In Missouri, St. Louis Effort for AIDS and other nonprofit groups are suing the insurance commissioner and the Missouri Association of Insurance Agents to prevent the state from imposing what the nonprofit groups believe are unreasonable requirements on certified application counselors. The agents, in turn, have argued that giving the plaintiffs what they want would “have the effect of creating a separate class of people who perform the same functions and duties similar to those of licensed insurance producers for health lines.

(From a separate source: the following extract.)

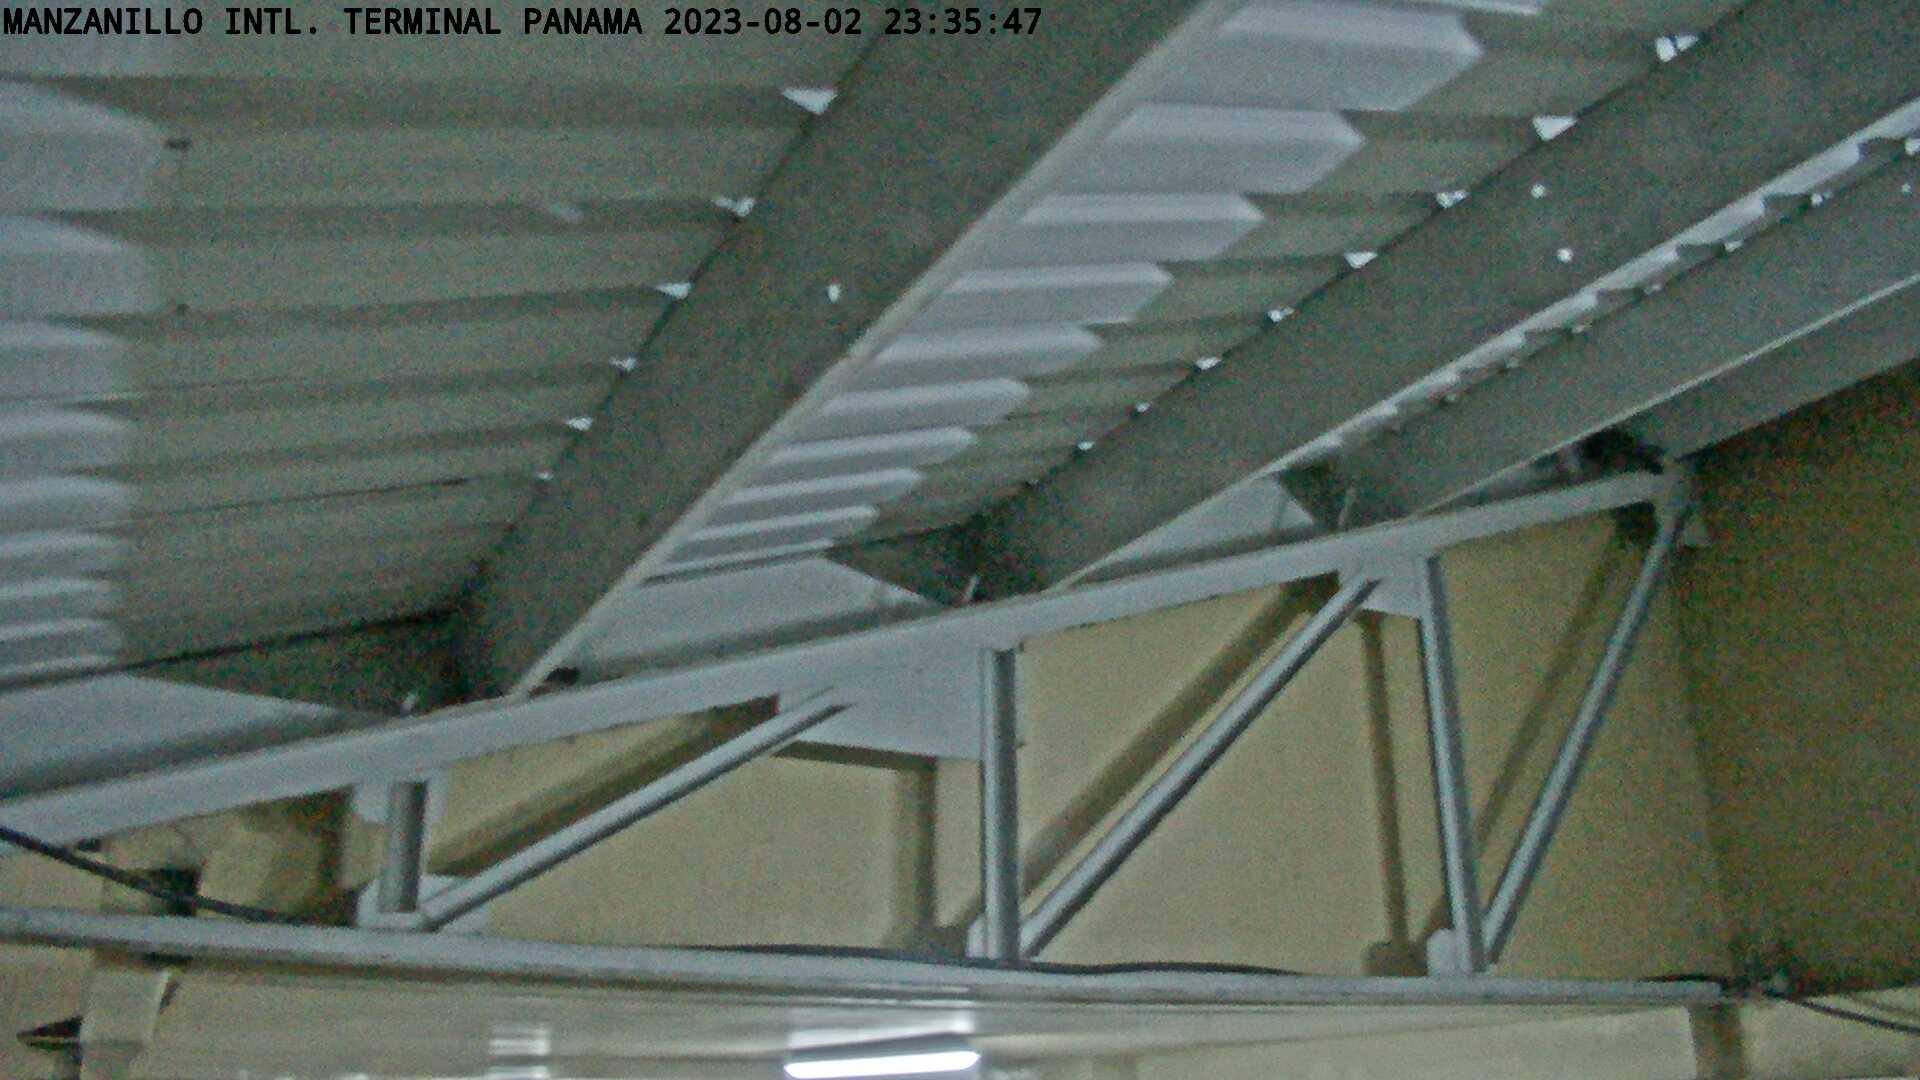 Webcam in Panama
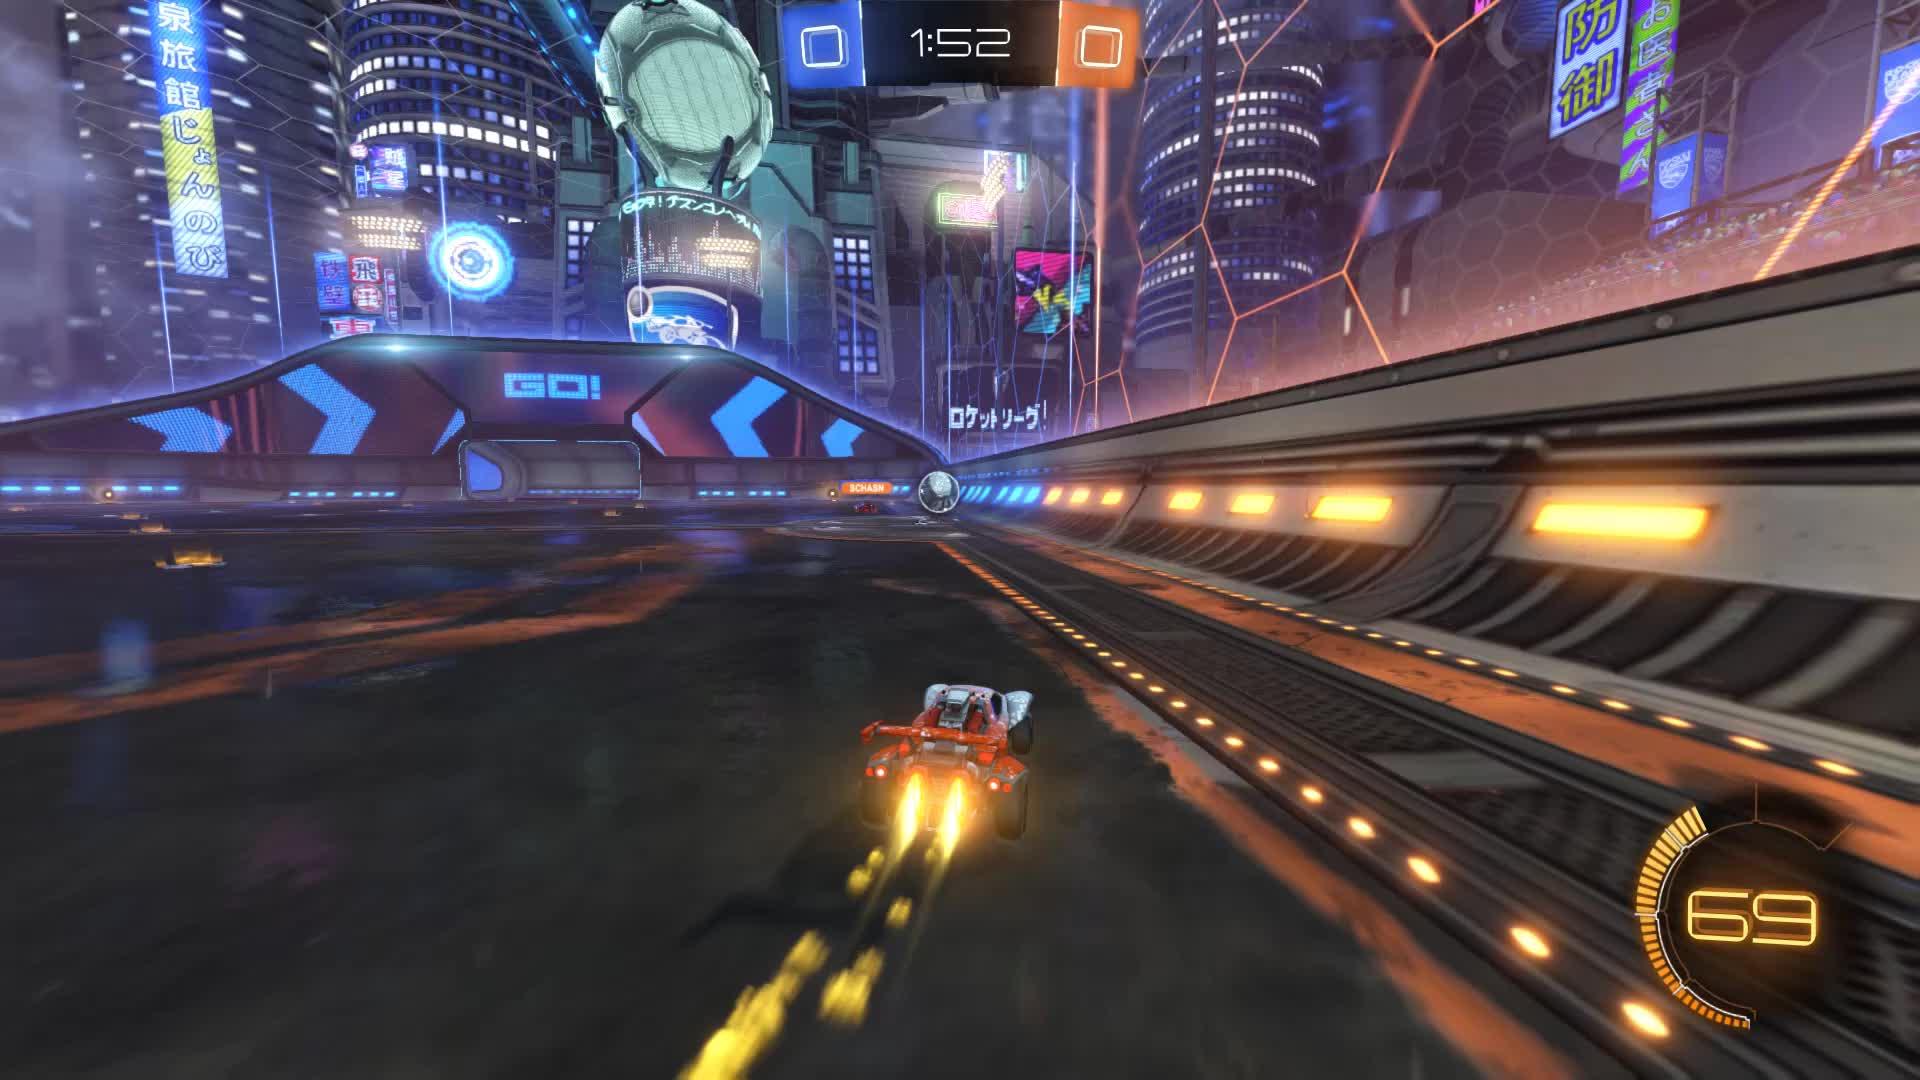 Gif Your Game, GifYourGame, Goal, Rocket League, RocketLeague, Squash, Goal 1: Squash GIFs

However, this new class of persons is not subject to the regulation or review of the state.”
Meanwhile, in a state court in Clark County, Nev., Lawrence Basich and other Nevada exchange users are moving ahead with efforts to sue the Silver State Health Insurance Exchange and its contractors over problems with the enrollment system the exchange used in 2014. The court recently rejected a motion to dismiss a contractor from the case.
3. Product regulation suits
Some suits focus on efforts by insurers and other organizations to keep HHS from imposing new requirements on the products they sell.
In the U.S. District Court for the District of Columbia, Central United Life Insurance Company and Senior Security Benefits Inc. sued in November 2014 to block HHS, the Centers for Medicare & Medicaid Services (CMS) and the agencies’ top officials from interfering with insurers’ efforts to sell “fixed indemnity plans.”
HHS wants to require sellers of fixed indemnity plans to verify that the buyers of the products have PPACA-compliant major medical coverage, or “minimum essential coverage.”
The plaintiffs argue that federal regulators are exceeding their regulatory authority. The HHS rule will “result in losses of revenue and investments, customer base and goodwill, and the ability to compete fairly with others in the marketplace,” the plaintiffs say.
In January, HHS asked the court to dismiss the case.